Leo Tolstoy once criticized historians for concentrating too much on just government actions and neglecting the people’s everyday life. In our own day, however, many historians treat common people, their work and culture much more thoroughly than most historians did in Tolstoy’s time.

Nevertheless, novels, including Ulitskaya’s The Kukotsky Enigma, can be an important aid in helping us better understand the past, especially people’s everyday lives. In an earlier review of her The Big Green Tent, which deals with the post-Stalinist Soviet period, I wrote of its “significant and intertwined historical and literary value.” The same is true for the Kukotsky novel, which deals mainly with the 1950s and 1960s. Although its English translation has just recently appeared, its Russian original came out at the beginning of the present century and won the 2001 Russian Booker Prize. In 2005 it also served as the basis of a 12-part Russian television series.

Although her first piece of fiction was not published until 1990, when she was in her late forties, Ulitskaya has since become the author of over a dozen books of fiction (including short story collections), some children’s stories, and a half dozen plays. According to a 2014 article by Masha Gessen in the New Yorker, “In Russia, Ulitskaya’s books sell ten times as many copies as any other literary fiction.” In addition, there are many translations of her works, and she is widely read in various other countries such as Germany and France. Gessen also mentions Ulitskaya’s criticism of various aspects of the Putin government.

She was born in 1943 of ethnic Jewish parents in the Russian Ural Mountains region, and much of her fiction reflects her own personal experiences—she is especially good at depicting the byt (everyday life) of her characters. According to one scholar, in the period depicted in The Kukotsky Enigma many people withdrew their “energy, emotions, and interests” from “activity controlled by the socialist state” to their own private realm.

The private life that Ulitskaya depicts is centered around the family of Pavel Alekseevich Kukotsky and their friends. He is a gynecologist who marries a younger patient named Elena after she believes her first husband is killed during World War II. Elena’s daughter, Tanya, another adopted girl, Toma, and the family servant, Vasilisa, are three other important characters, as is Pavel’s friend the geneticist Ilya Goldberg and his twin sons, who later become romantically involved with Tanya. Toward the end of the novel, Tanya’s daughter, Zhenya, gives birth to a son, and Ilya Goldberg with his second wife, Valentina, and one of his twin sons live in the United States.
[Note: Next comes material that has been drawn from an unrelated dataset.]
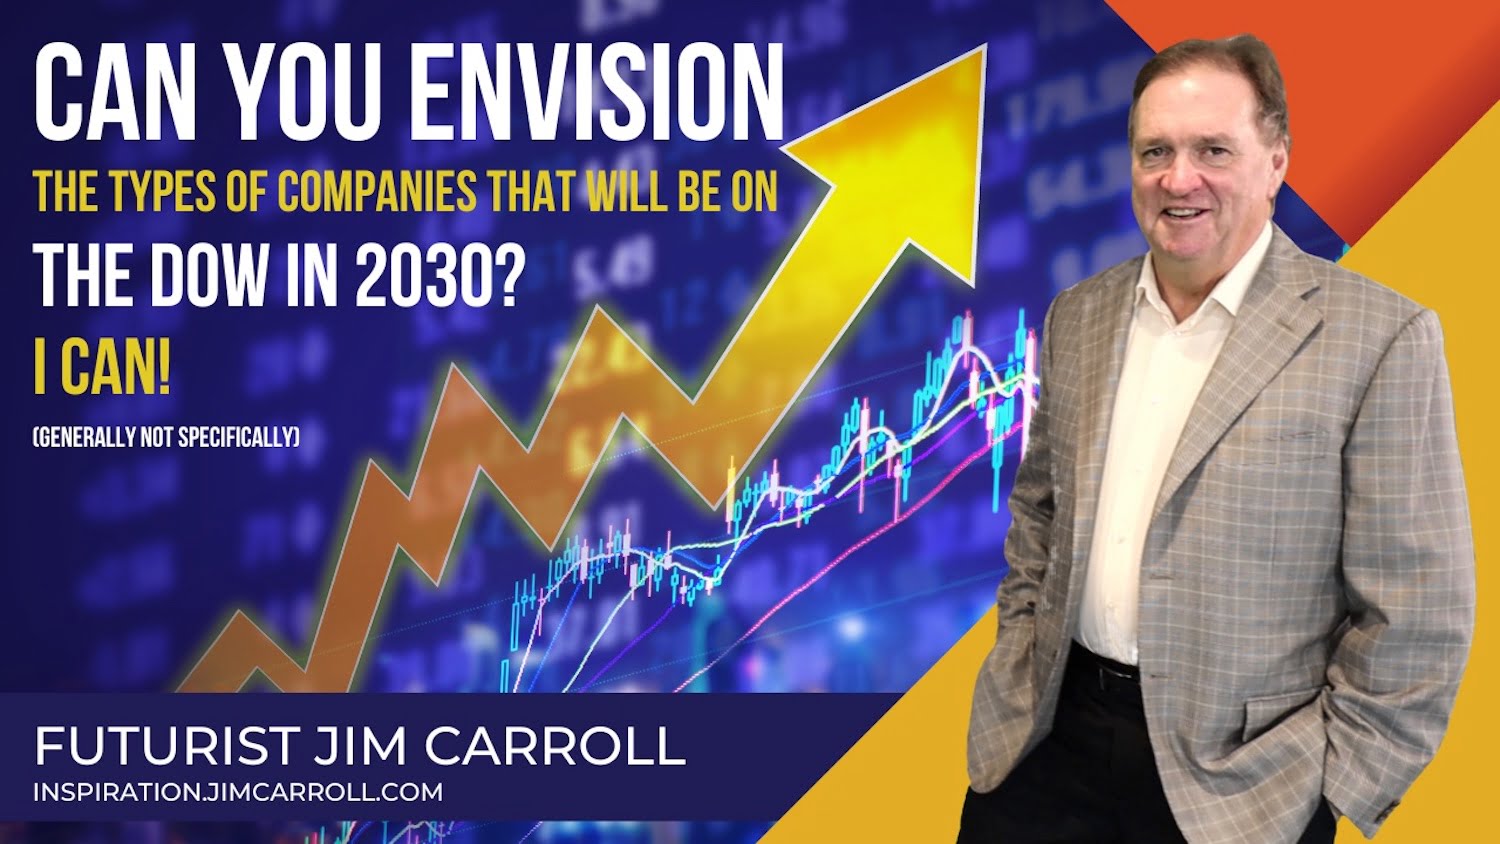 Daily Inspiration: "Can you envision the types of companies that will be on the Dow in 2030?"

Although most of the novel occurs in later years, a small part of it is set during World War II (the Soviet’s “Great Patriotic War”) and the half decade which follows, as well as some earlier background information. Pavel’s father, for example, had been not only a doctor, but for a while a medical officer in the tsarist army. Elena’s father, after 1905, became a follower of the ideas of Tolstoy and “organized Tolstoyan farm collectives in various regions.” (87) Other mentions of pre-World War I events include that of the very religious Vasilisa becoming a servant of an Orthodox abbess—following the 1917 communist revolution, she accompanied the abbess into exile for over a decade to a northwestern Russian region.

The author also briefly writes of the fate of the Tolstoyans and some others under the new regime. In a passage that indicates the fate of intellectuals and hints at the later limited housing conditions she sometimes describes, Ulitskaya writes: “In early 1920 the Kukotskys’ living space was ‘consolidated’: three more families were moved into their apartment. . . . The university professoriate, surviving the best it could under the new regime, could do nothing to help. They too had been reduced to tight quarters, and the scare of the revolution had not passed: the Bolsheviks had already demonstrated that the human life these putrefied intellectuals fought to preserve was not worth a kopeck.” (p. 6) (In Moscow during Stalin’s final years most residents still lived in overcrowded communal apartments.)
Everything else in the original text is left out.